The kinds of coffee developed in Indonesia are arabica (Coffea arabica L.) and robusta (Coffea canephora Pierre ex A. Froehner). Both coffees have a demand level higher than the other kinds (Statistics Indonesia, 2019). Arabica coffee has the best taste among others (Dias and Benassi, 2015). The arabica plantation areas are less extensive than robusta coffee, but its economic values are more expensive than robusta coffee (Dias and Benassi, 2015; Nugroho et al., 2016). In general, arabica coffee is more planted at the highland around 800-2000 m a.s.l. (Nugroho et al., 2016; Konieczka et al., 2020). The taste and resistance to Hemileia vastatrix attack are the reasons why arabica is grown in the highland (Alnopri and Hermawan, 2015). Robusta coffee is more resistant to H. vastatrix, it can be planted at less 1000 or 200-900 m a.s.l. and optimal at 600-700 m a.s.l. (Konieczka et al., 2020). The difference of agroecosystems between each coffee impacts different morphology characters and indirectly on the taste of both coffees. The coffee taste is mainly influenced by genetic interaction and agroecosystem (Bicho et al., 2013; Ramadiana et al., 2018), some coffees have a certificate as specialty coffee (Traore et al., 2018).

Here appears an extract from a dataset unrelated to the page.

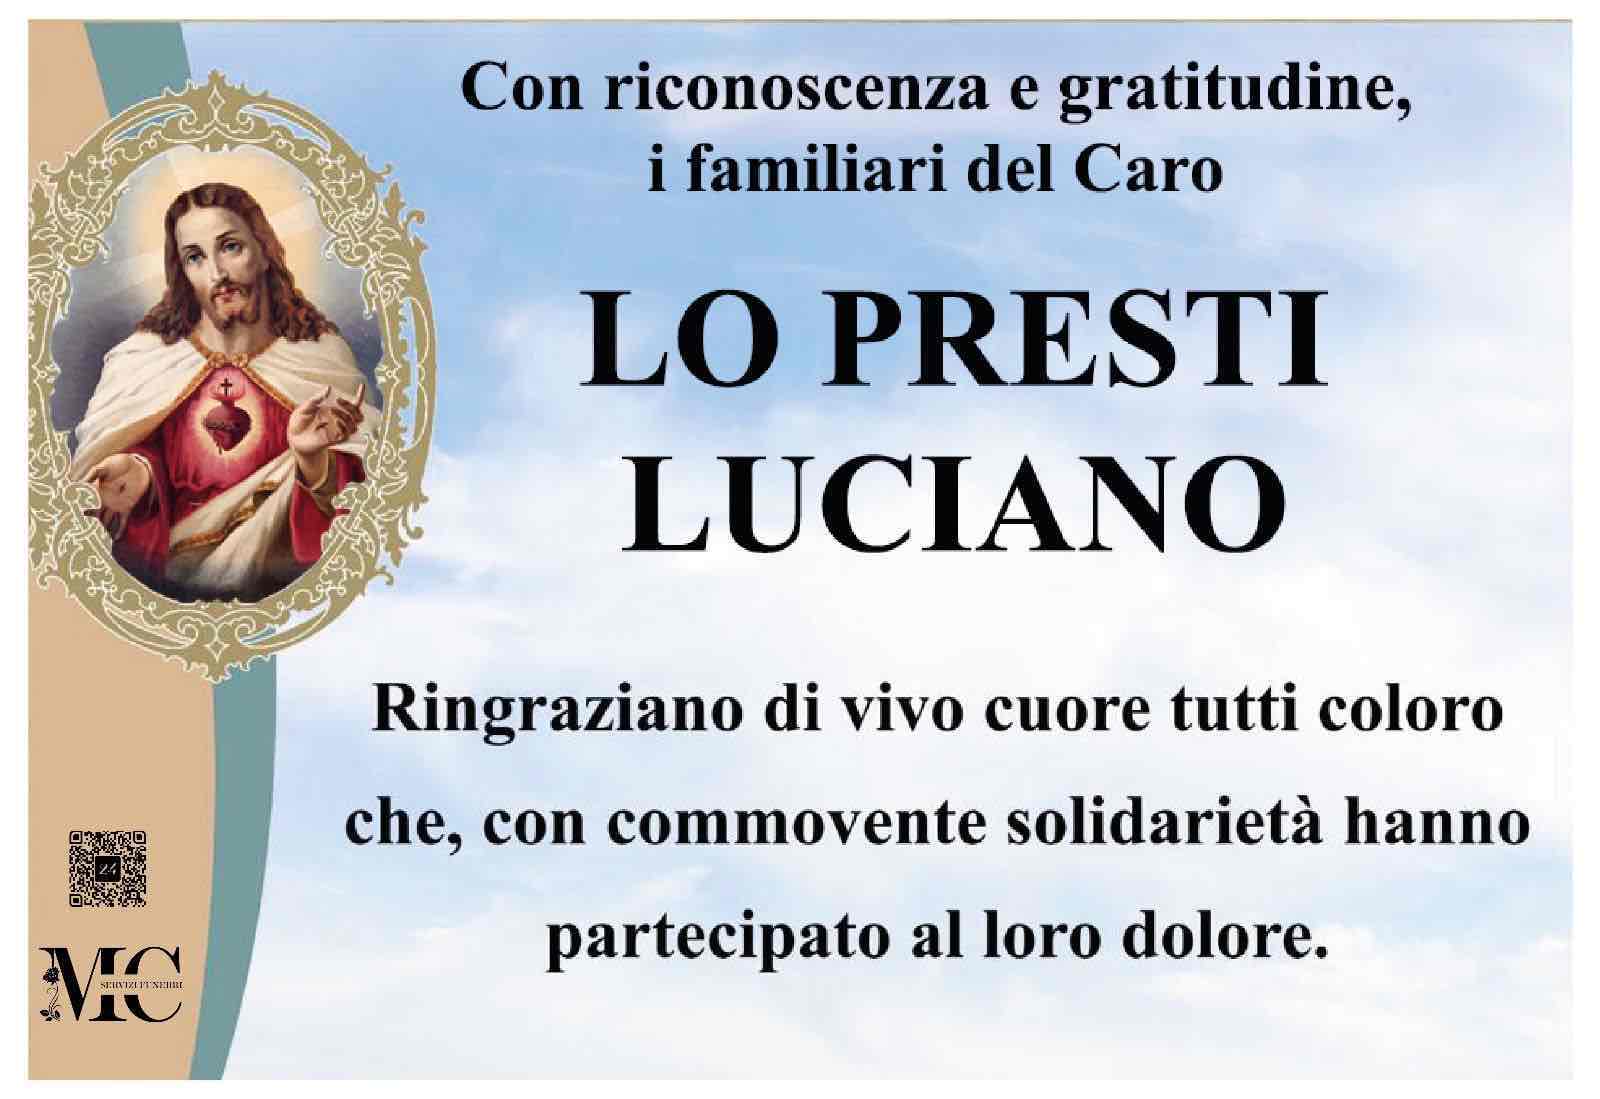 Luciano Lo Presti

Based on their unique characters, specific identification is interesting to differentiate between arabica and robusta in the same environment.
Indonesian Industrial & Beverages Crops Research Institute (IIBCRI) is a research institution focused on developing industrial crops, including coffee. This institution is located at Pasir Kuda, Sukabumi District, West Java, with an altitude of less than 400 m a.s.l. Based on the altitude, this environment is not optimal for the coffee plant; however, this institution has some robusta and arabica coffee collections in the same ecosystem. Both coffees have good growth at IIBCRI, and coffee collections do not present leaf rust diseases (Anshori, 2014). It is interesting to research genetic distance patterns or the differential response between coffees in the IIBCRI plantation environment. One of the simple methods to identify the difference of response between both coffees is morphological phenotype analysis. This method was reported by Ramadiana et al. (2018) for 15 robusta coffee accessions at Lampung, Indonesia. However, accuracy and a systematic approach are needed to minimize data bias in the analysis process, especially to many morphology characters (Mattjik and Sumertajaya, 2011). One approach that can be done is multivariate analysis.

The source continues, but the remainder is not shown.